Sacred Ground
Carolyn asked if I would use this space to say a little about the Sacred Ground dialogue circles that are just getting underway at St. Paul’s, but I want to start with a story of my own childhood.
I did most of my growing up in a small suburban town of 4000 people in northern New Jersey, where I walked home for lunch every day right through 8th grade. My parents chose that town because of the high taxes, since high taxes meant that residents supported the schools. My parents’ core belief (besides active involvement in the local Episcopal Church) was that money should be spent on good food and good education, so I ate well and attended excellent public schools. In the afternoons after school, starting in 3rd grade, I’d often go with a group of friends to play in the woods at the end of our street. Everywhere – everywhere — I went, I felt completely safe, loved, and secure. I assumed that this was how life worked for everybody. I have often talked about my “golden childhood.” What I now see, as I move more deeply into the Sacred Ground curriculum, is that I actually had a very “white” childhood.
Sacred Ground is a workshop deliberately designed for white-white dialogue. As Ijeoma Olua, a woman of color, says: “White People, I don’t want you to understand me better; I want you to understand yourselves.”
The purpose of these Sacred Ground dialogue circles is to help us do just that: to better understand ourselves by reflecting on our own family stories within the context of white culture, acknowledging the (mostly unrecognized) privileges we have inherited at the expense of those we have been accustomed to identify as “other.” The purpose is never to elicit guilt or to place blame. The Sacred Ground curriculum is carefully designed to open our eyes to the ongoing effects of systemic racism on those who experience it, while simultaneously helping us recognize the subtle forms of racism we ourselves might unintentionally still be carrying, and to accept the reality of white privilege as part of our lived experience (such as my “golden” childhood).
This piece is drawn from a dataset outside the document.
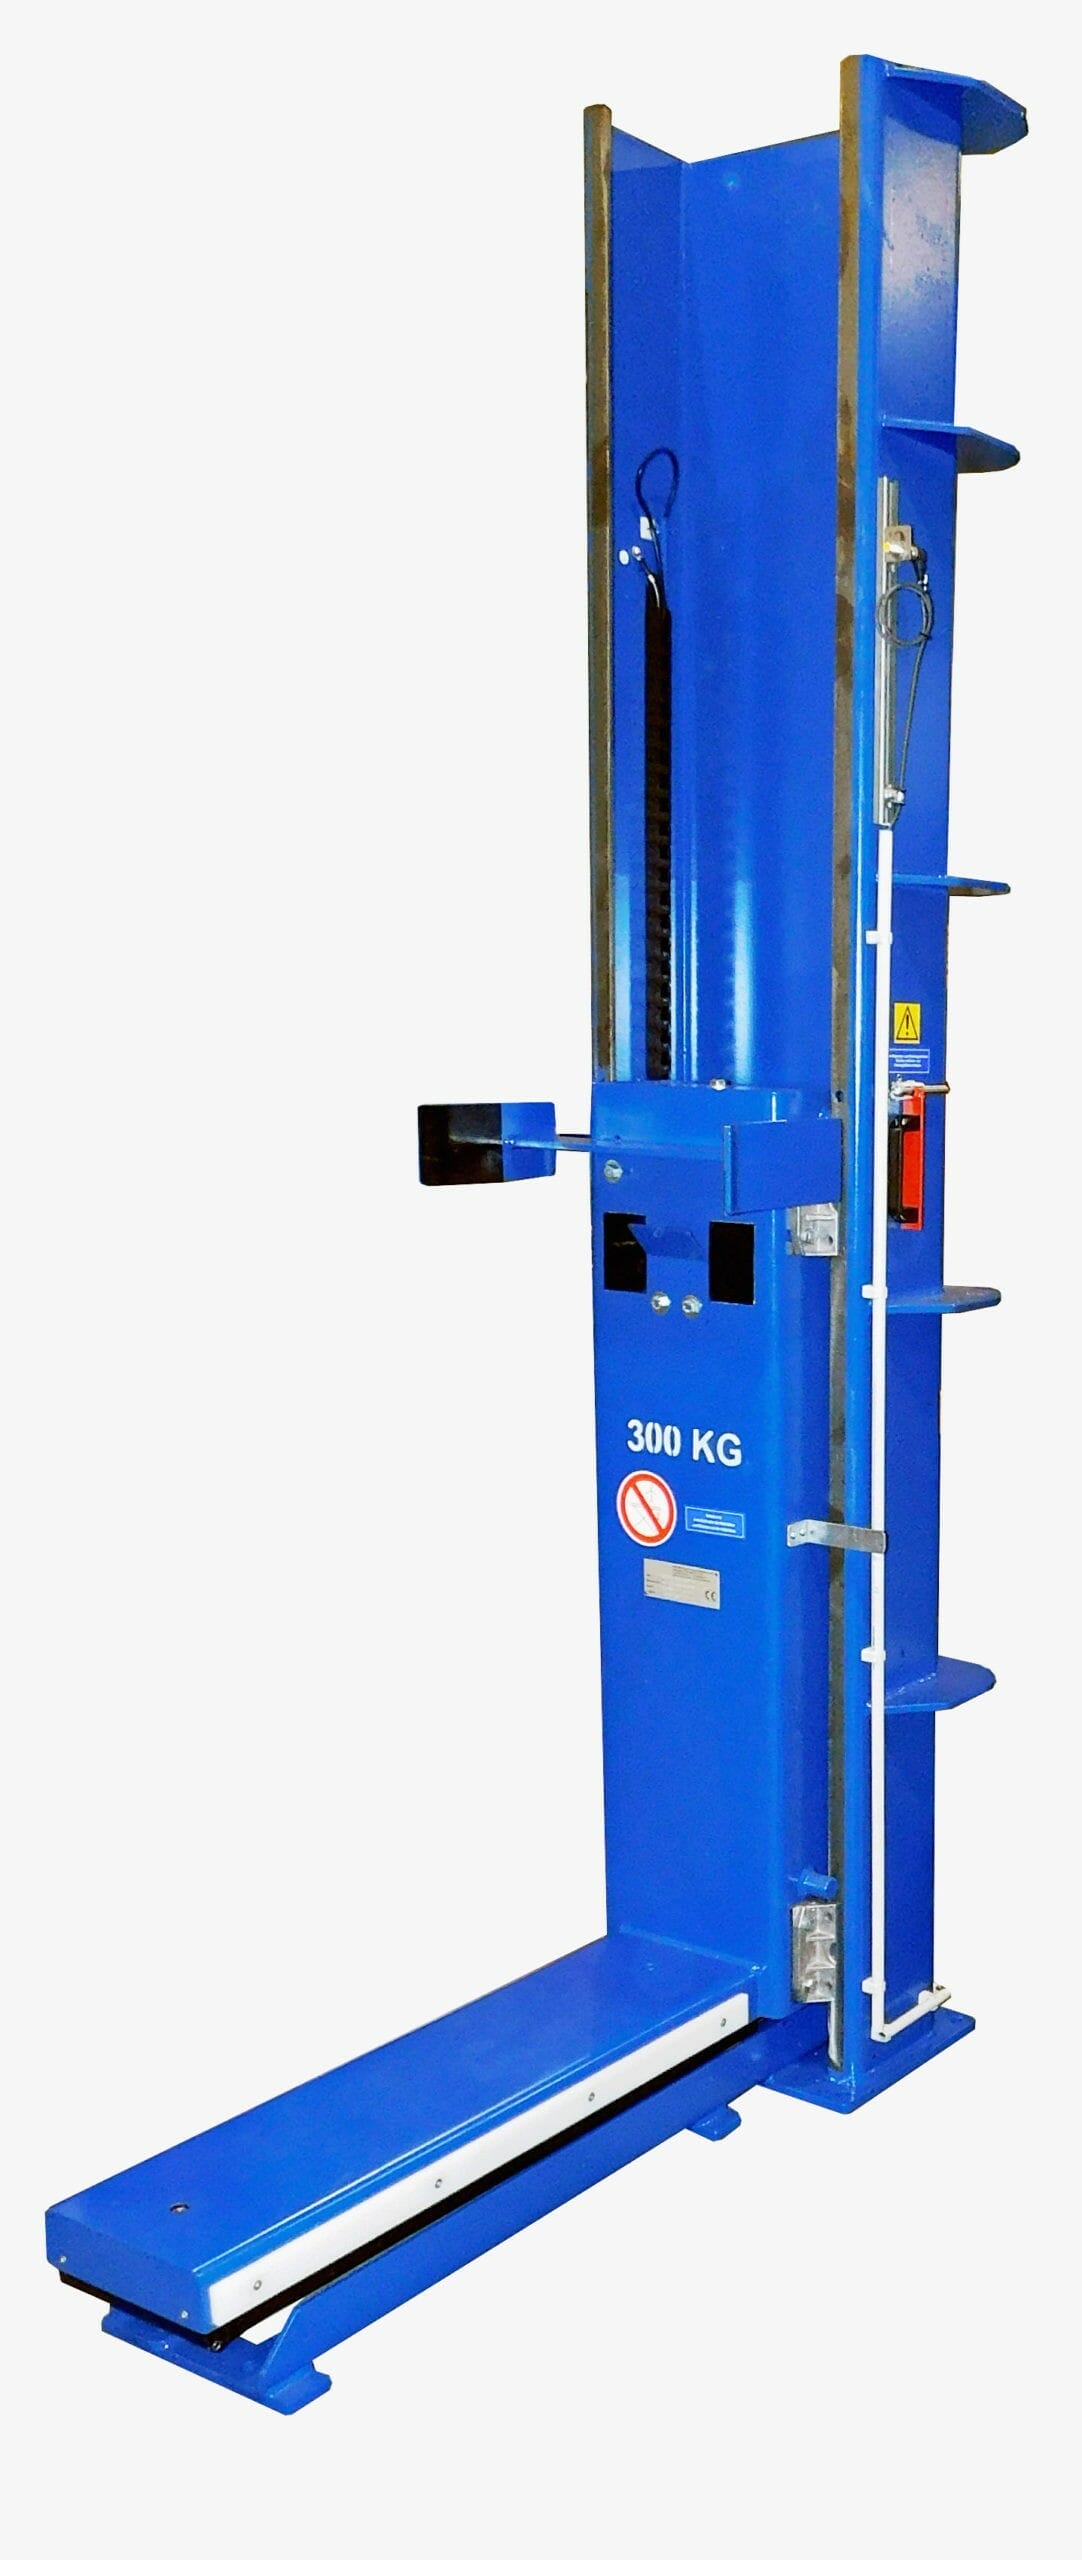 Figure vertical conveyor in blue

It’s a shared journey into self-awareness, with the understanding that ultimately this self-awareness will call us into the work of racial reconciliation, whether by how we re-vision our own and our nation’s history, by how we pray, by how we interact with others, or by more active social and political engagement.
St. Paul’s currently has three Sacred Ground dialogue circles (although the dialogue circle I’m part of is actually more of a “dialogue square” since we meet via Zoom). There are 10 sessions in all; the group I’m in will be meeting monthly, meaning that we will be doing this sacred work from now through next April.
If you are not currently taking part in one of these Sacred Ground dialogue circles but are interested, please contact the church office; a list is already underway for another dialogue circle (or more) in the fall.
Meanwhile, tend yourselves, body and soul, knowing that God is with us even in the midst of pandemic and protest, tear gas and grief. Jesus lived in such a world, and he is with us now, calling us always to hope.